The Public Universal Friend (November 29, 1752 – July 1, 1819) was an American preacher born in Cumberland, Rhode Island, to Quaker parents. After suffering a severe illness in 1776, the Friend claimed to have died and been reanimated as a genderless evangelist named the Public Universal Friend, and afterward shunned both birth name and gendered pronouns.
However, in newspapers of our time, they were always referred to as their birth pronouns (she/her) and birth name, which we will give here, only so that you can find the references to the Public Universal Friend in the articles: Jemima Wilkinson.
In androgynous or male clothes, the Friend preached throughout the north-eastern United States, attracting many followers who became the Society of Universal Friends.
The Friend's theology was broadly similar to that of most Quakers. The Friend stressed free will, opposed slavery, and supported sexual abstinence.
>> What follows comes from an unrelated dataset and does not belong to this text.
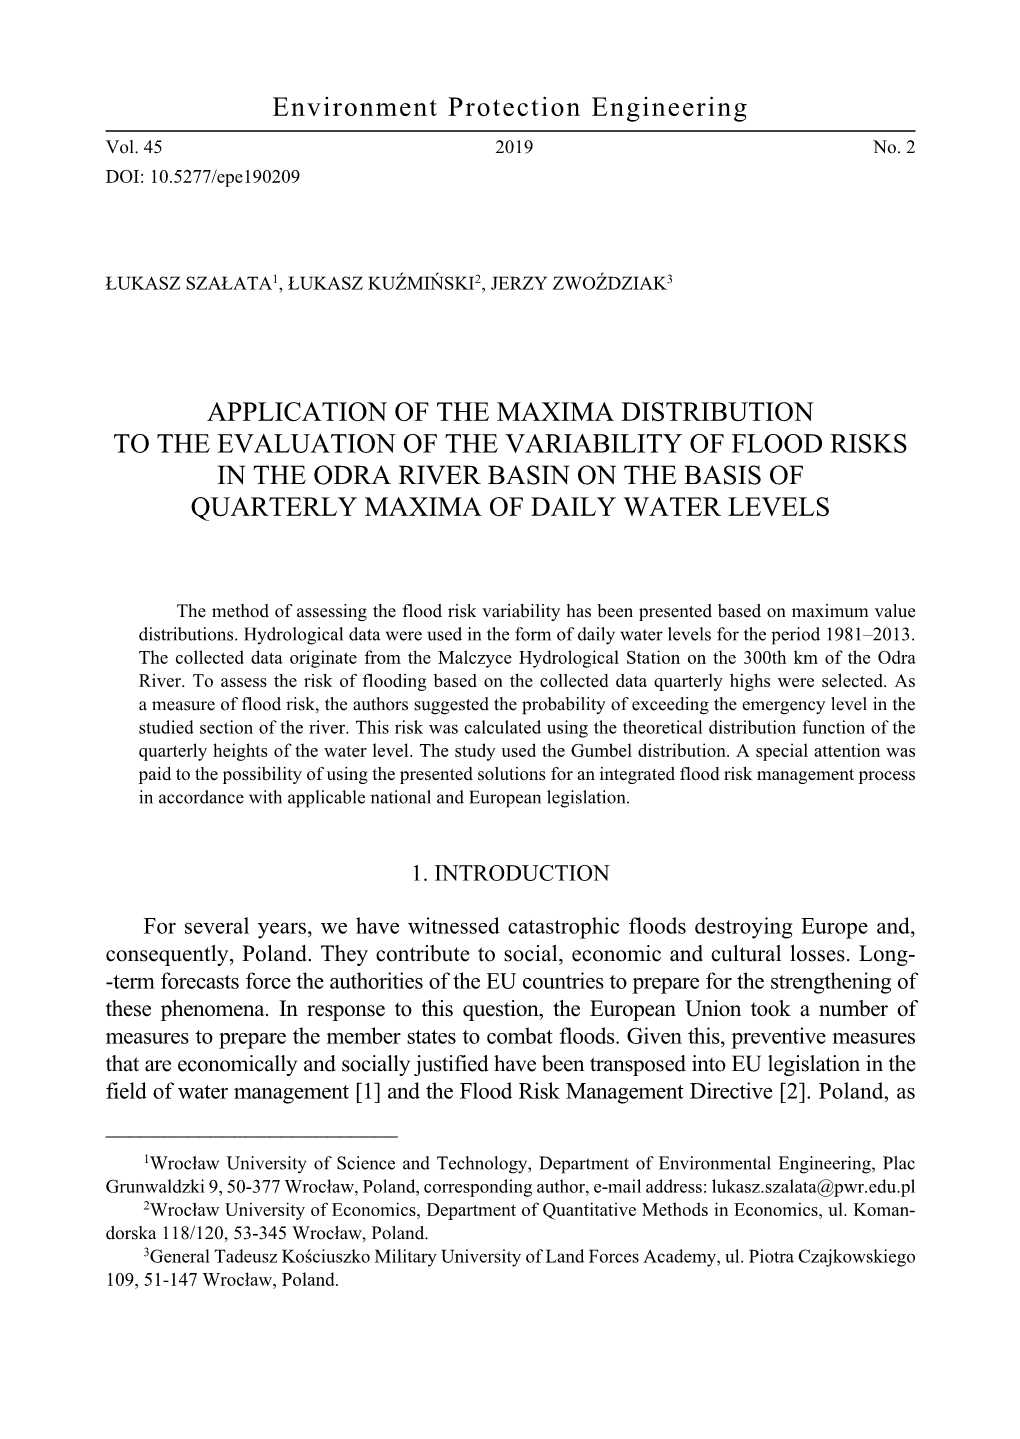 Environment Protection Engineering APPLICATION of the MAXIMA DISTRIBUTION to the EVALUATION of the VARIABILITY of FLOOD RISKS I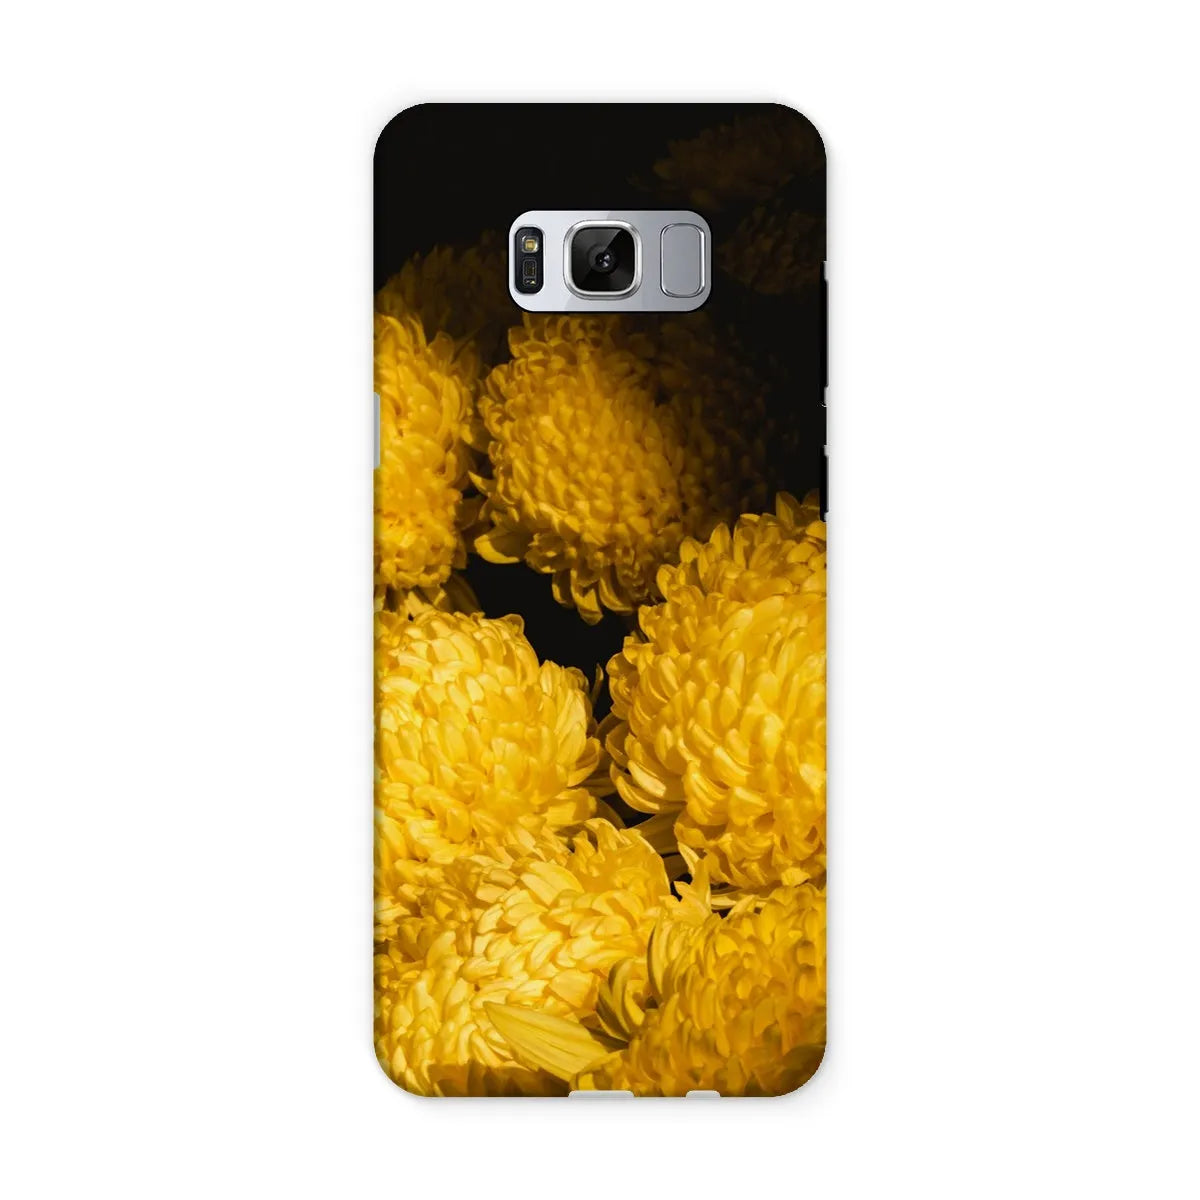 Field Of Dreams Tough Phone Case - Samsung Galaxy S8 / Matte - Mobile Phone Cases - Aesthetic Art

The most committed members of the Society of Universal Friends were a group of unmarried women who took leading roles in their households and community.
In the 1790s, members of the Society acquired land in Western New York where they formed the town of Jerusalem near Penn Yan, New York. The Society of Universal Friends ceased to exist by the 1860s. Many writers have portrayed the Friend as a woman, and either a manipulative fraudster, or a pioneer for women's rights; others have viewed the Friend as transgender or non-binary and a figure in trans history.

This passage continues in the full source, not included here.